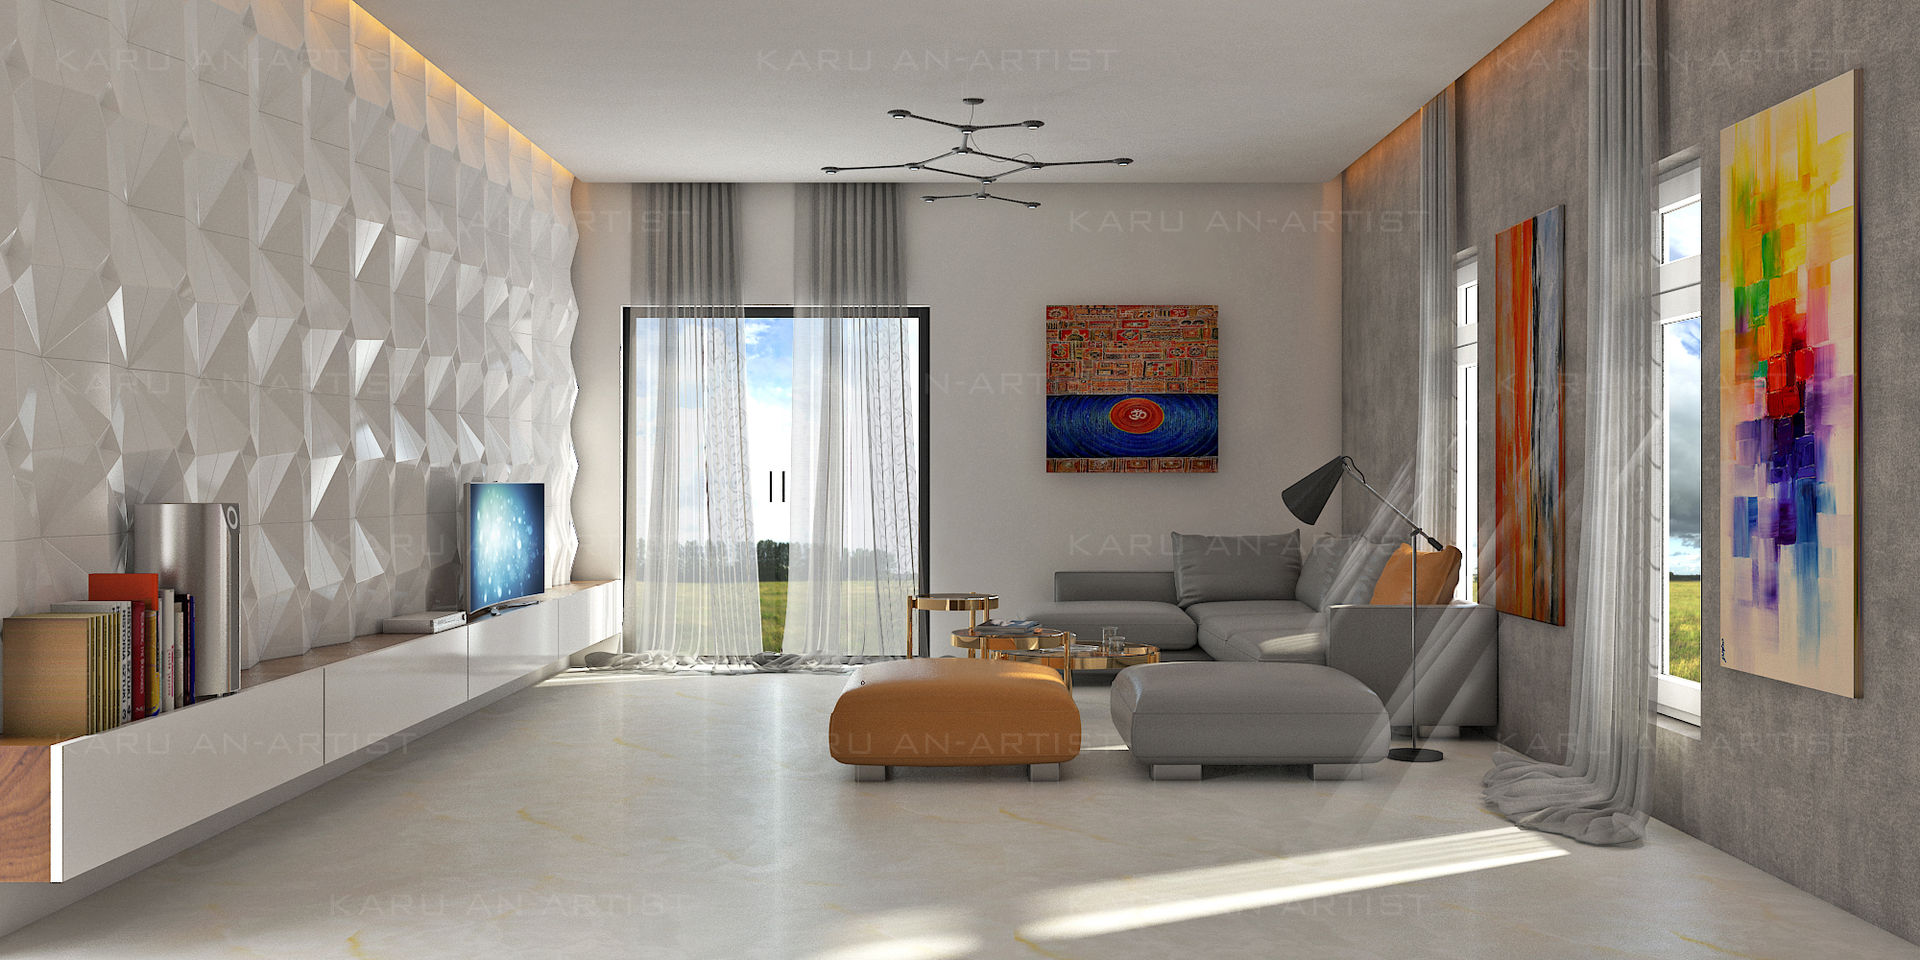 A Modern Living Room, KARU AN ARTIST KARU AN ARTIST Salas de estilo moderno
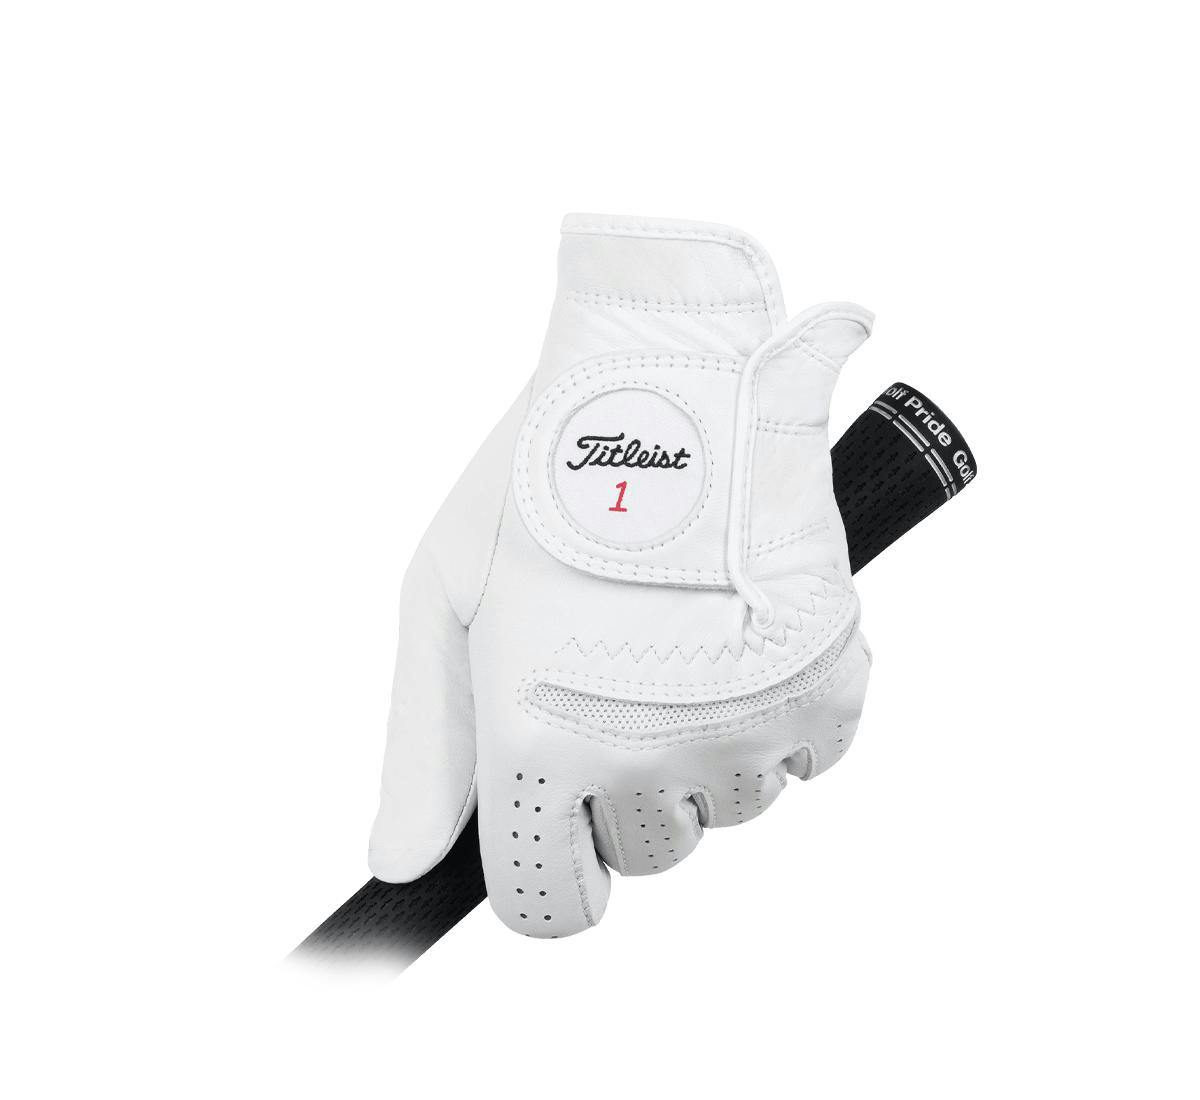 Titleist Men's Perma-Soft  Golf Glove
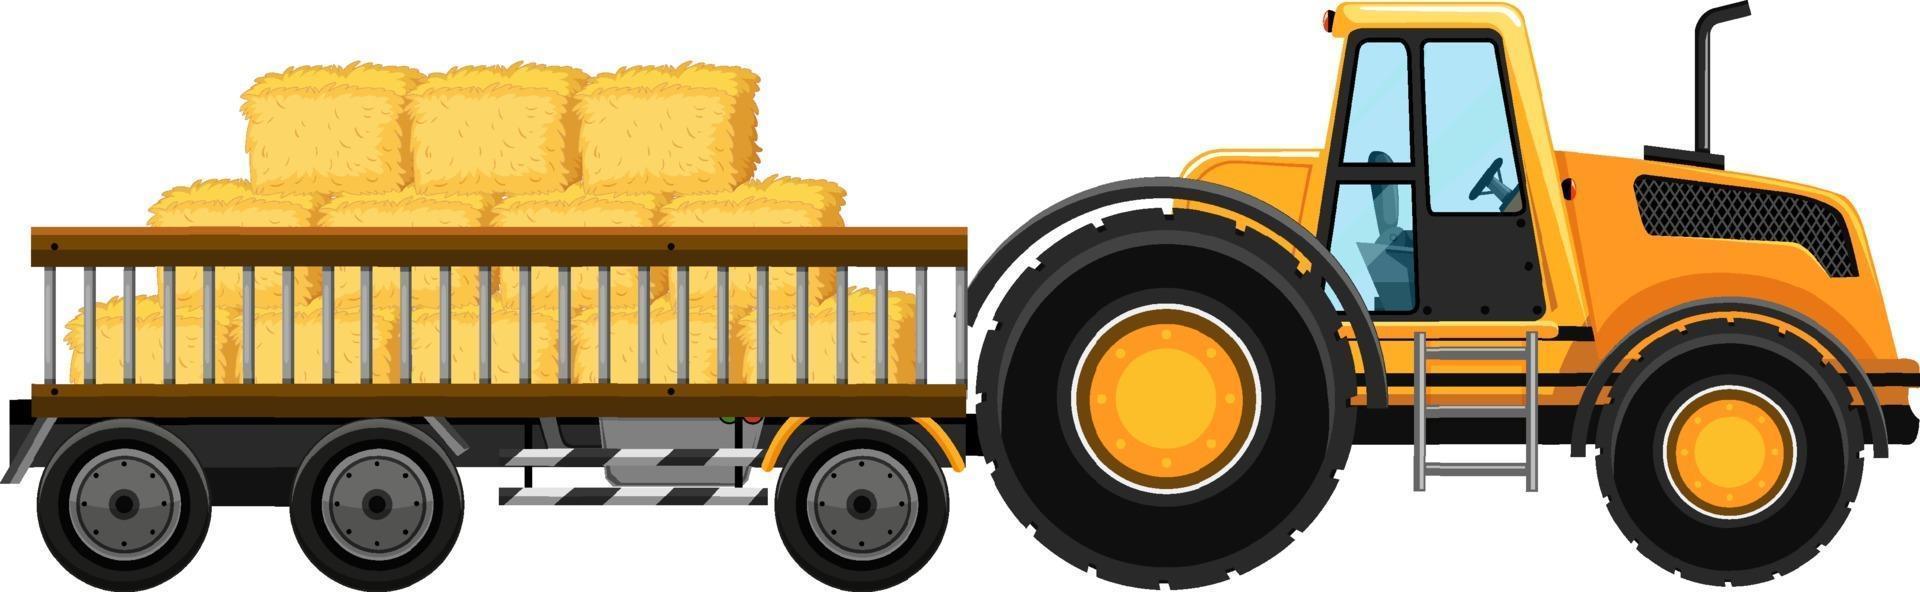 traktor med hö i vagnen vektor
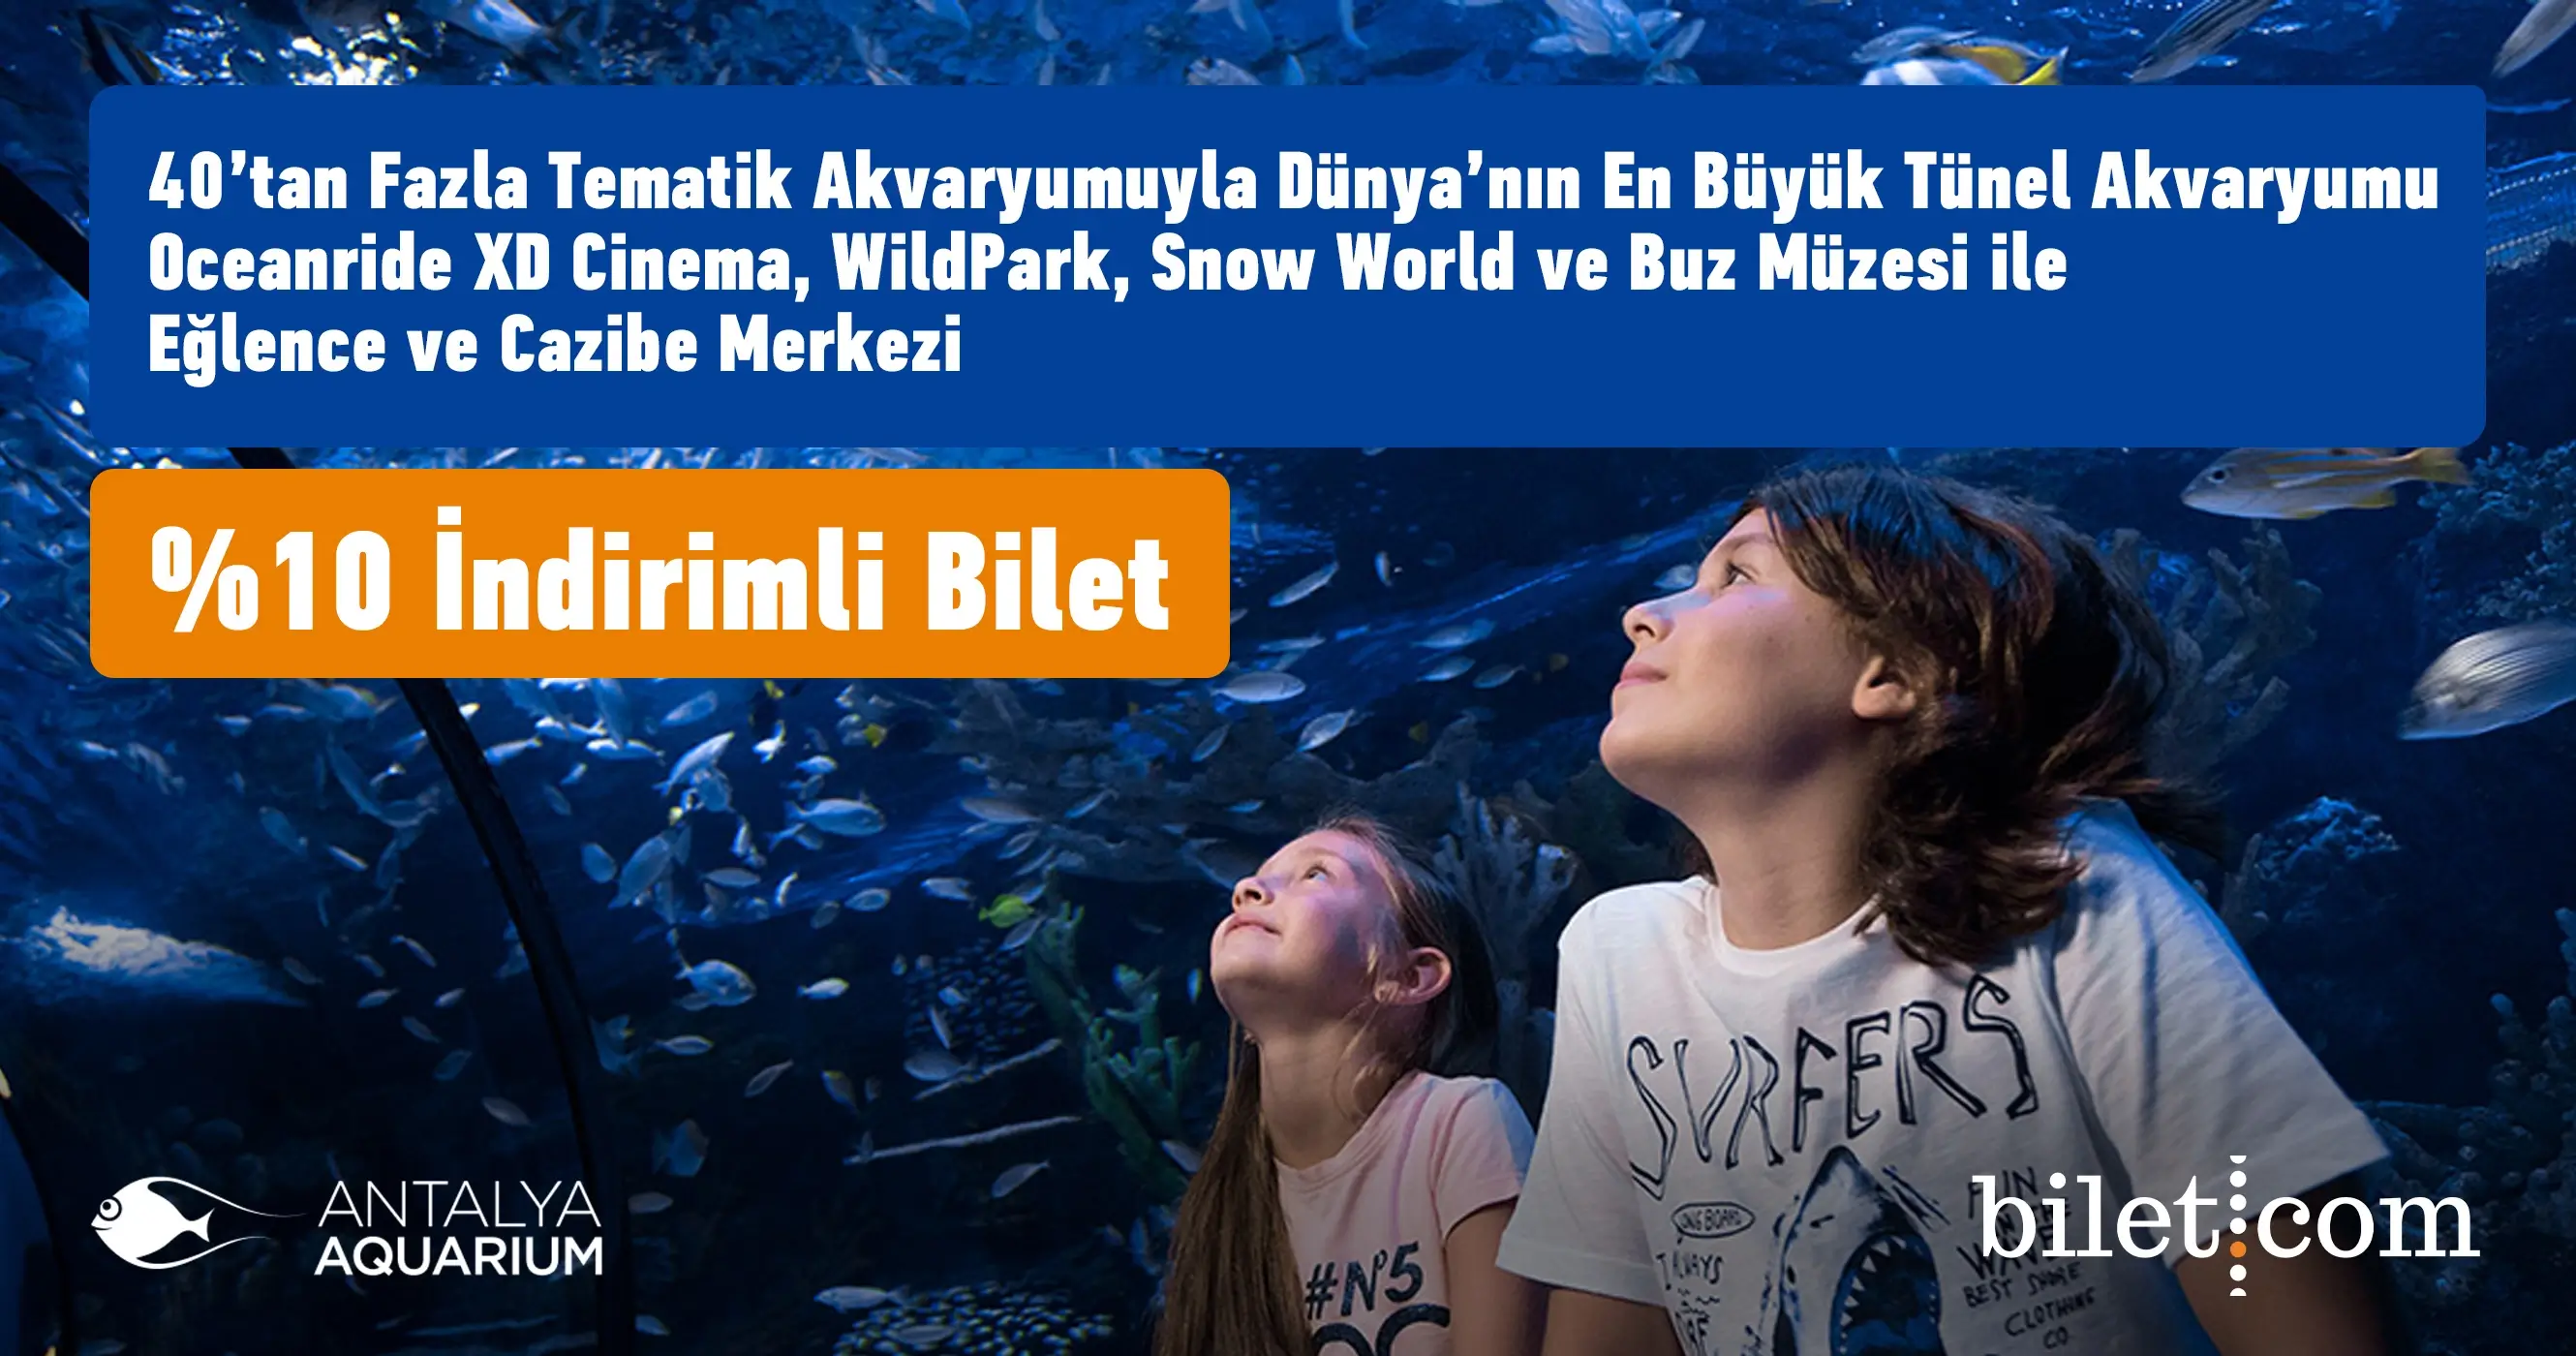 Biglietto Acquario di Antalya - 1

▶ [Requirement] Leave out the pictures and retype every line above exactly.

▶ [Response to the exercise]
 A Modern Living Room, KARU AN ARTIST KARU AN ARTIST Salas de estilo moderno
 Titleist Men's Perma-Soft  Golf Glove
 traktor med hö i vagnen vektor
 Biglietto Acquario di Antalya - 1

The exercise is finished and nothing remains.